From ‘Republics at peace’:

Occasionally there will be a suicide, a murder, a fire. Or someone who has been sleeping in the stairwell will ring at a door, stepping back so as not to frighten the occupant. He may ask for water, or food.

‘Europe, New Zealand’, the novel’s opening section, occupies half the book’s pages.

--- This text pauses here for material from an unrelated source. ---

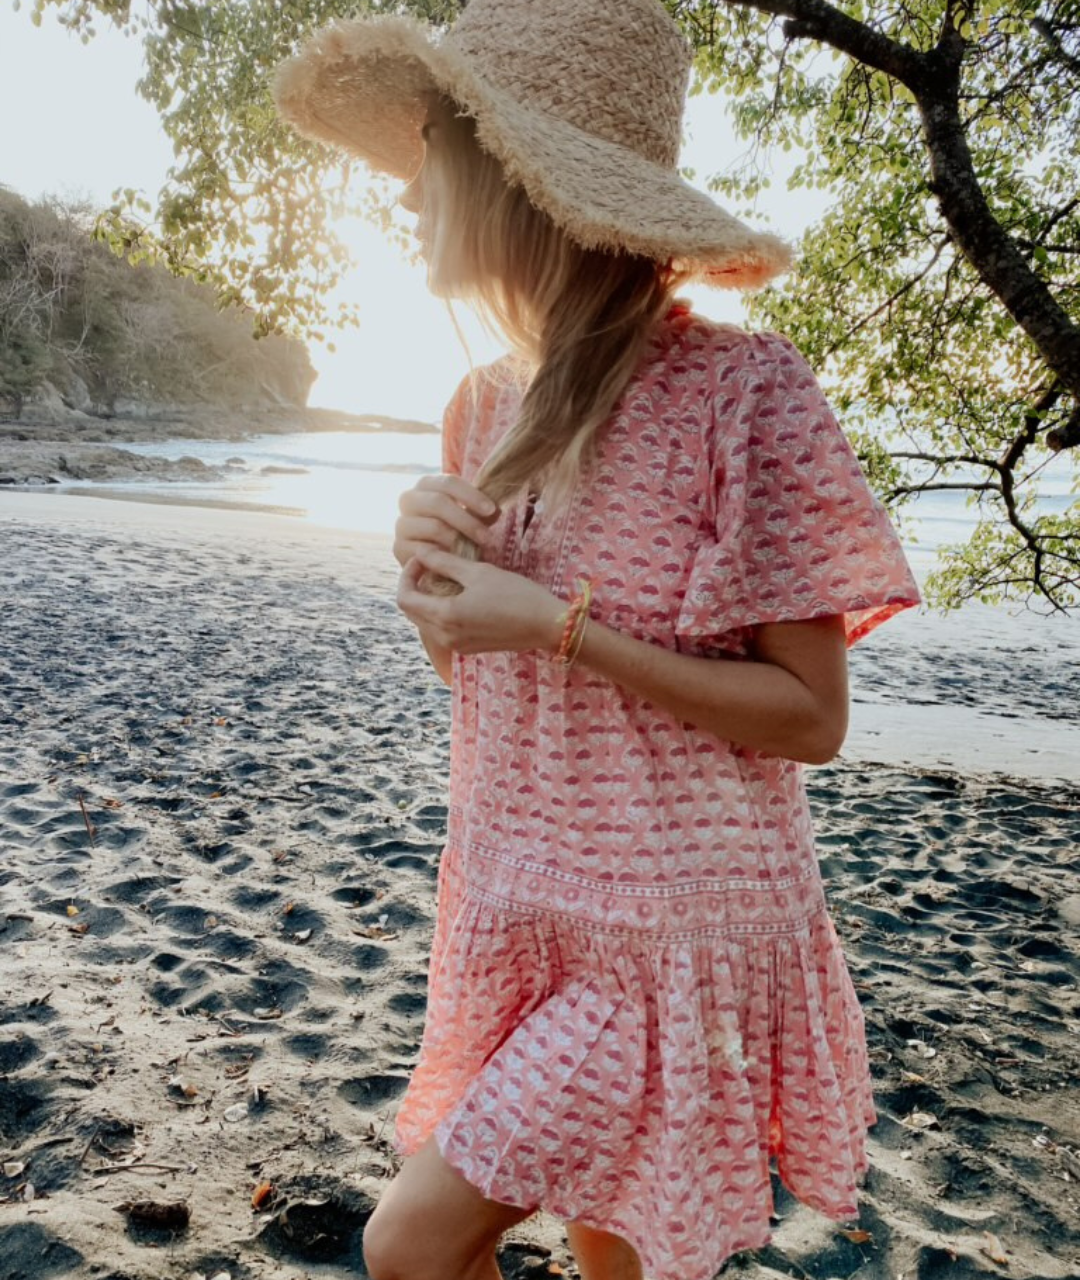 Double Duty - Dresses That Make Great Cover Ups

Derived from notebook entries and ‘the surviving parts’ of a failed project, this section comprises ten pieces: ‘Notebooks’ (‘In Paris one can develop a kind of relationship with people one never meets’); ‘The silence of migratory birds’; ‘Experimental’ (‘‘I’ is the genus that owes and fails itself … antigen voyager of no Harbour’); ‘Republics at peace’ (‘News of the week is the same as last week: the spread of Halal; the leader of the Really Left losing popularity; the National Front calling for the death penalty’); ‘Landscape with too few philosophers’ (‘I am writing on what was once known as The Island. It is a port village accessible by a road crossing an area of drained swamp’); ‘Owens & Owens’ (‘There are two of him. The one who died and the one who did not die’); ‘Radio play for a defunct station’ (‘One is never exactly on the station. You can hear more than one programme. Old programmes are running on and on, drifting’); ‘The ice-sellers of Montmartre’; ‘Circle, summa autem’ (‘Water is always drawing expanding circles from source points. I like to pass free time by a Spree or a Yarra, a Charles, a Seine, a lagoon or a harbour’); and ‘Where do you come from?’

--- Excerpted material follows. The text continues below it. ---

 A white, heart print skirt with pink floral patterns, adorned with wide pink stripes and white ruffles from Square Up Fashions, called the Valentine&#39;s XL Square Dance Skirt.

Four sections follow: ‘Centre’, a long poem written during a residency at the Michael King Writers’ Centre in Devonport (July 2010–January 2011); ‘Stoat’a short story in five parts about a son’s return to Dunedin and the making of an album, with a shapeshifting ending; ‘Canal City’, a ‘utopia’ in the form of an imagined futuristic Christchurch that has rejected its squarish past to be rebuilt following the old course of the Avon river; and ‘Survey’ (in two parts: First Voyage and Second Voyage), a strange piece about conflicting cultures on body surfaces. To ease us into the ‘zootopia’ we’re informed that Captain Cook and his men’s bodies were burnt, with his men’s limb bones divided among inferior chiefs, while his head was given ‘to a great chief called Kahoo-opeon, the hair to Maia-maia, and the legs, thighs, and arms to Terreeoboo’.

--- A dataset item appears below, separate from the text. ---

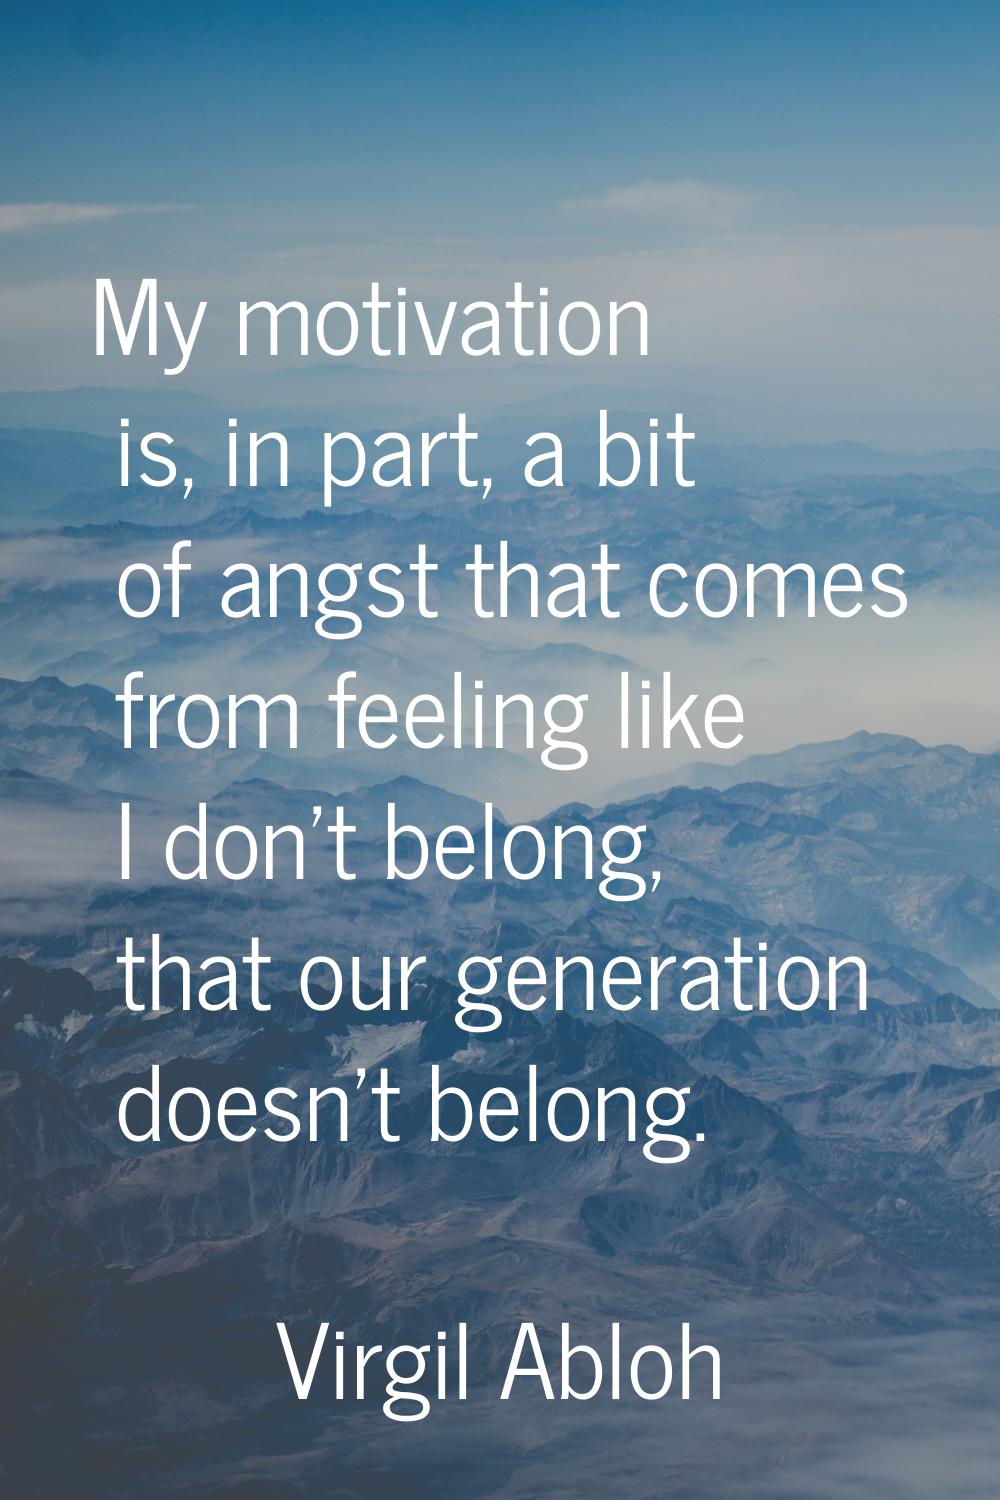 My motivation is, in part, a bit of angst that comes from feeling like I don't belong, that our gen

There are crossovers between imagined and real places. Themes repeat in different styles, contexts, times, zones and hemispheres, as in this, from ‘The ice-sellers of Montmartre’:

I leave the place where Napoleon never marched, where the tide sweeps shelves on beaches less and less deserted. We are flying over the Pacific, a place of epidemics, mass murder, cannibalism, tribal and imperialist massacres, tsunamis, neighbourhood distrust, death-by-drowning, hegemony, nepotism, a distinct third gender and corrupt elites, black, brown and white. And that is only the beginning of the 30-hour journey.

Which contrasts with this, from ‘Republics at peace’:

Once again, I will be leaving this city [Paris] where I have never felt so out of place, nor so at home. I will soon be living in a suburb called Lookout Point, home of a species of rare annelid, on what is possibly the worst-maintained street in the city of Dunedin.

Which leads us to Stoat, who works the night shift for the Department of Conservation. He is woken by the sound of his son rapping sharply on his door. Skink, recently returned to these isles, is looking for digs. He is given the run of a grotty basement room; there are ‘card boxes, threats of prosecution in absentia … Waterlogged porn and reproductions of men surfing print onto each other. A reliquary of dead dolls and comic book figurines …’

Enter Goat, Skink’s brother. ‘If Goat redeems his physiognomy from stereotypes of diabolism and stupidity, he is on the verge of subscribing to another, urban rock poet … He speaks bitterly, he speaks inventively whether he has an audience of twenty or one. He leaves arrears at a firetrap hotel and moves in …’

Stoat ‘sets bait and and gathers cadavers. He lays them out like life’s lost alphabet.’ Skink and Goat work on their music while Stoat is out and about:

They are monkey-pink tattooed creatures of contradictory homogeneity generating noise and distortion, compression, phase and echo … The album will decry the heritage of the shanty town, murder for gold of lucrative calculus. The album’s rage is always fomenting …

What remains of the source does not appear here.